In 1898 the Shenango No.2 was sold to the Detroit, Grand Rapids & Western Railroad Company of Muskegon, Michigan, and was renamed Muskegon. On October 20, 1898, the Muskegon collided with the dock & elevator of American Malting Company at Milwaukee, Wisconsin. Sometime in 1900 the Muskegon ran into ice and broke her rudder in a gale in an unknown location. In 1901 she was sold to the Pere Marquette Rail Road Company and was renamed Pere Marquette 16. On December 21, 1901, she sank at Ludington, Michigan, and was raised. In 1918 the Pere Marquette 16 was sold to the Hammermill Paper Company of Erie, Pennsylvania, where she was cut down to a bulk freighter for use in the pulpwood trade, and was renamed Harriet B. In 1921 the Harriet B. was reduced to a barge.

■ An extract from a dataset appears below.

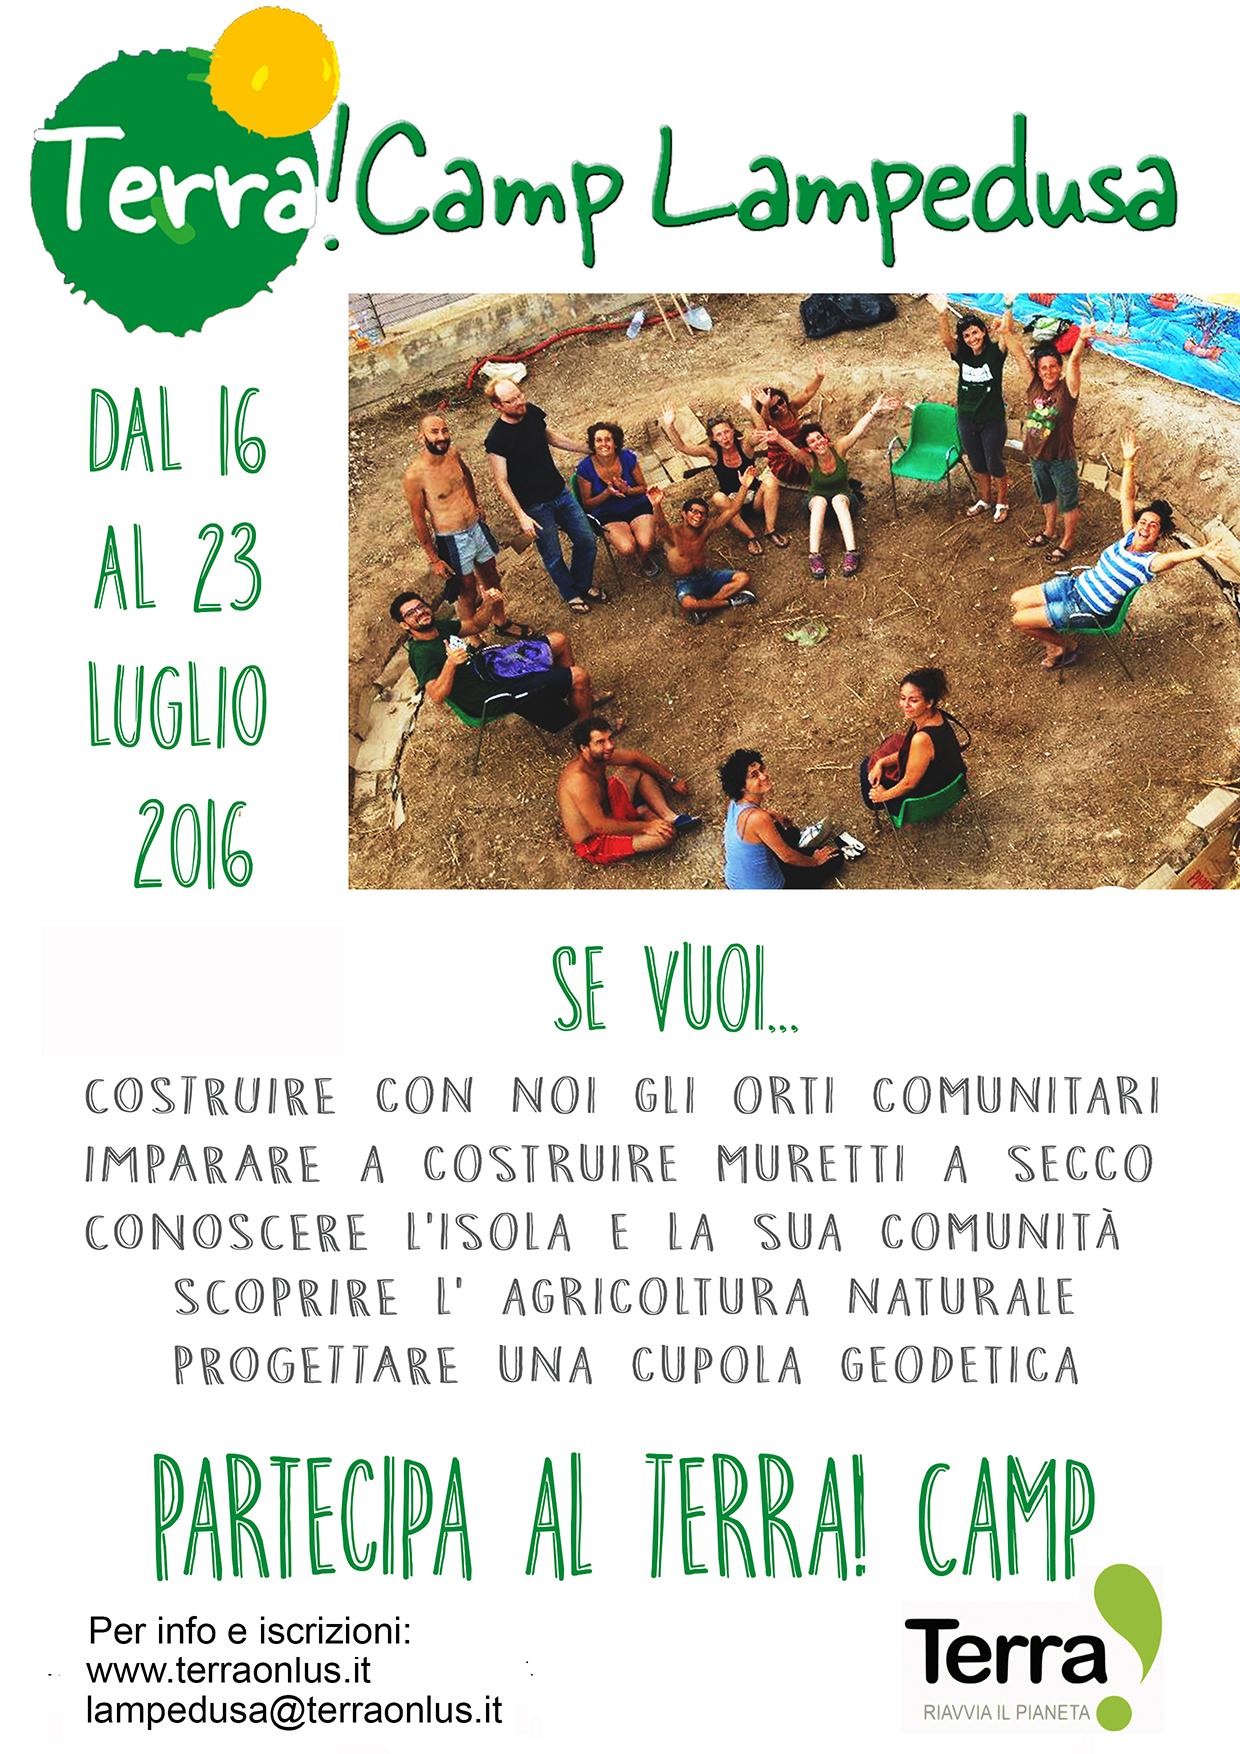 Terra!Camp a Lampedusa 2016

==Final voyage and sinking==
On May 3, 1922, the freighter C.W. Jacob was towing the Harriet B., and another barge Crete; all three vessels were loaded with pulpwood. The vessels arrived near Two Harbors, Minnesota at around 1:00 a.m.; but because of heavy fog, the Jacobs captain decided to wait for the fog to clear before proceeding into the harbour. The three vessels anchored about a mile off shore, and three miles southwest of the breakwater light. Meanwhile, the steel-hulled freighter Quincy A. Shaw was moving quickly up the lake. At 4:50 a.m., the Shaws bow appeared out of the fog and crashed into the port side of the Harriet B., almost cutting her in two. After the collision, the crew of the Harriet B. boarded the Shaw. The Harriet B. sank twenty minutes later. After she sank, her wheelhouse washed ashore nearby.

==Discovery==
The remains of the Harriet B. were accidentally discovered in 2005 by the University of Minnesota Duluth research boat Blue Heron while they were conducting a geological survey of the lake bottom. The crew of the Blue Heron contacted Jerry Eliason and Randy Bebe, who used drop cameras and side-scan sonar to confirm the identity of the wreck.

==The Harriet B. today==
The Harriet B. rests upright, and almost totally intact in 656 ft of water approximately four miles off Two Harbors, Minnesota. Because of the extreme depth of the wreck, diving is not advised. Jerry Eliason said that "even a brief visit to the wreck would require at least eight hours of decompression stops on the way back to the surface to complete the dive safely". The wreck is believed to be the most intact shipwreck in Minnesota waters.